Re: [PATCH v2 1/1] s390/mm: Fix handling of _PAGE_UNUSED pte bit

From: Heiko Carstens

Date: Mon Jun 15 2026 - 05:45:46 EST


On Mon, Jun 15, 2026 at 11:17:41AM +0200, Claudio Imbrenda wrote:
> The _PAGE_UNUSED softbit should not really be lying around. Its sole
> purpose is to signal to try_to_unmap_one() and try_to_migrate_one()
> that the page can be discarded instead of being moved / swapped.
>
> KVM has no way to know why a page is being unmapped, so it sets the bit
> on userspace ptes corresponding to unused guest pages every time they
> get unmapped. KVM has no reasonable way to clear the bit once the page
> is in use again.
>
> Without appropriate cleanup, the _PAGE_UNUSED bit will linger around
> and cause guest corruption when a used page is instead thrown out.
>
> While set_ptes() checks and clears the bit, ptep_xchg_direct(),
> ptep_xchg_lazy(), and ptep_modify_prot_commit() did not.
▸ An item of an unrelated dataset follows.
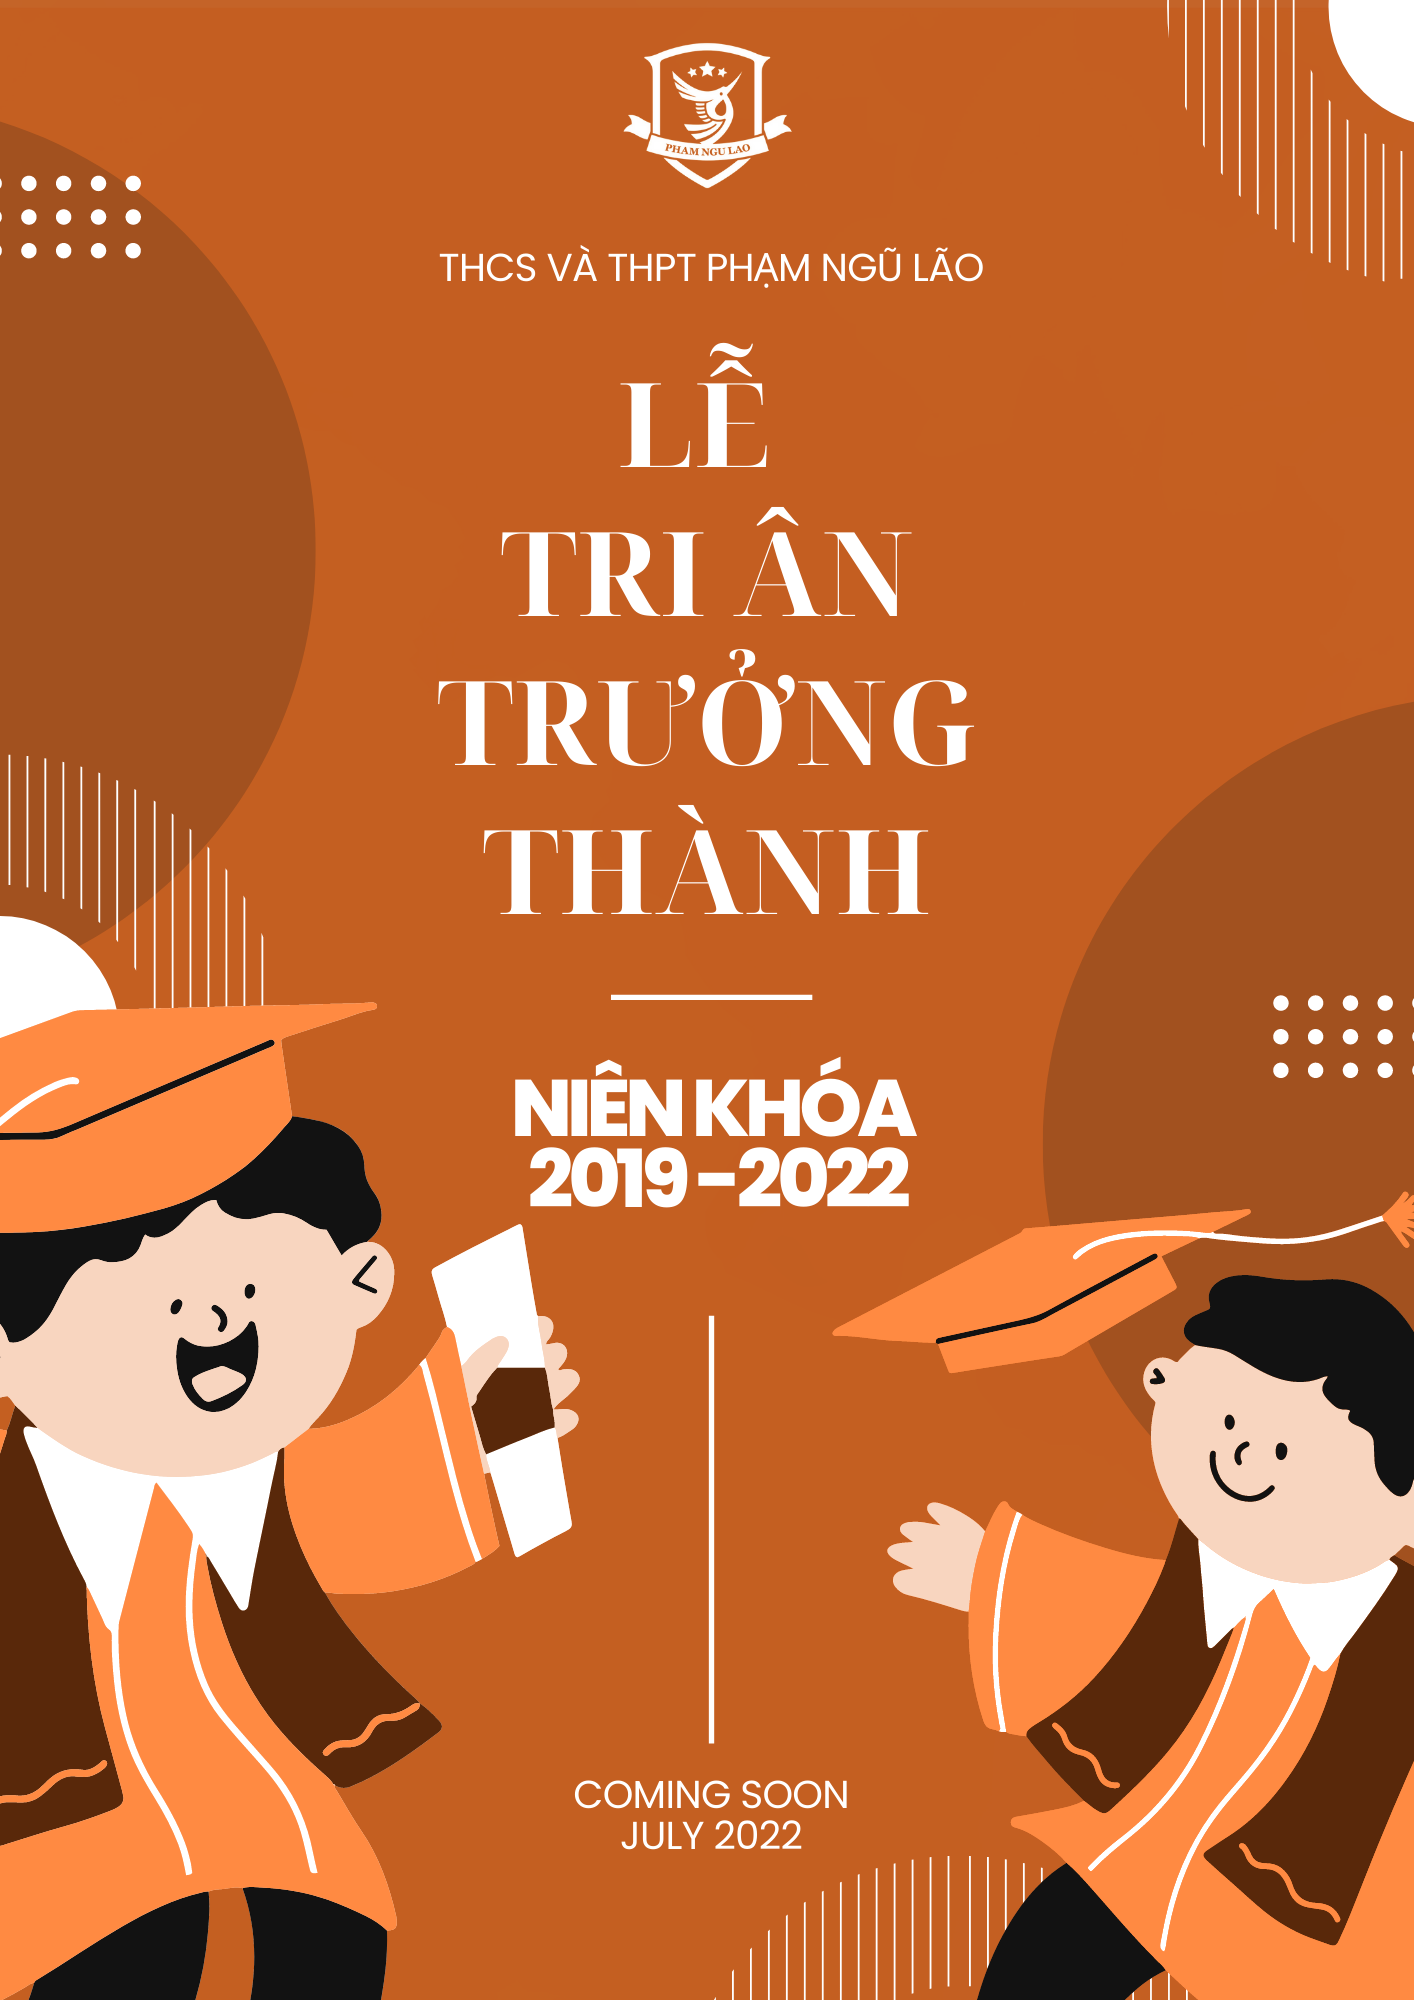 LỄ TRI ÂN TRƯỞNG THÀNH KHÓA 2021 - 2022

This led to
> used pages being thrown out as if they were unused, causing guest
> corruption.
>
> This patch fixes the issue by introducing the missing checks in the
> above functions.
>
> Also fix gmap_helper_try_set_pte_unused() to only set the bit if the
> pte is present; the _PAGE_UNUSED bit is only defined for present ptes
> and thus should not be set for non-present ptes.
>
> Signed-off-by: Claudio Imbrenda <imbrenda@xxxxxxxxxxxxx>
> Fixes: c98175b7917f ("KVM: s390: Add gmap_helper_set_unused()")
> ---
> arch/s390/mm/gmap_helpers.c | 4 ++--
> arch/s390/mm/pgtable.c | 6 ++++++
> 2 files changed, 8 insertions(+), 2 deletions(-)

...

> diff --git a/arch/s390/mm/pgtable.c b/arch/s390/mm/pgtable.c
> index 4acd8b140c4b..2acc79383e7d 100644
> --- a/arch/s390/mm/pgtable.c
> +++ b/arch/s390/mm/pgtable.c
> @@ -122,6 +122,8 @@ pte_t ptep_xchg_direct(struct mm_struct *mm, unsigned long addr,
>
> preempt_disable();
> old = ptep_flush_direct(mm, addr, ptep, 1);
> + if (pte_present(new))
> + new = clear_pte_bit(new, __pgprot(_PAGE_UNUSED));
> set_pte(ptep, new);
> preempt_enable();
> return old;
> @@ -160,6 +162,8 @@ pte_t ptep_xchg_lazy(struct mm_struct *mm, unsigned long addr,
>
> preempt_disable();
> old = ptep_flush_lazy(mm, addr, ptep, 1);
> + if (pte_present(new))
> + new = clear_pte_bit(new, __pgprot(_PAGE_UNUSED));
> set_pte(ptep, new);
> preempt_enable();
> return old;
> @@ -175,6 +179,8 @@ pte_t ptep_modify_prot_start(struct vm_area_struct *vma, unsigned long addr,
> void ptep_modify_prot_commit(struct vm_area_struct *vma, unsigned long addr,
> pte_t *ptep, pte_t old_pte, pte_t pte)
> {
> + if (pte_present(pte))
> + pte = clear_pte_bit(pte, __pgprot(_PAGE_UNUSED));
> set_pte(ptep, pte);

Can't we move the logic from set_ptes() to set_pte() instead? The above
approach remembers me of the open-coded removal of the no-exec bit at many
places we had, which became a maintenance mess until it was rewritten.

The compiler _might_ even be clever enough to move the removal of the bit
outside the loop within set_ptes().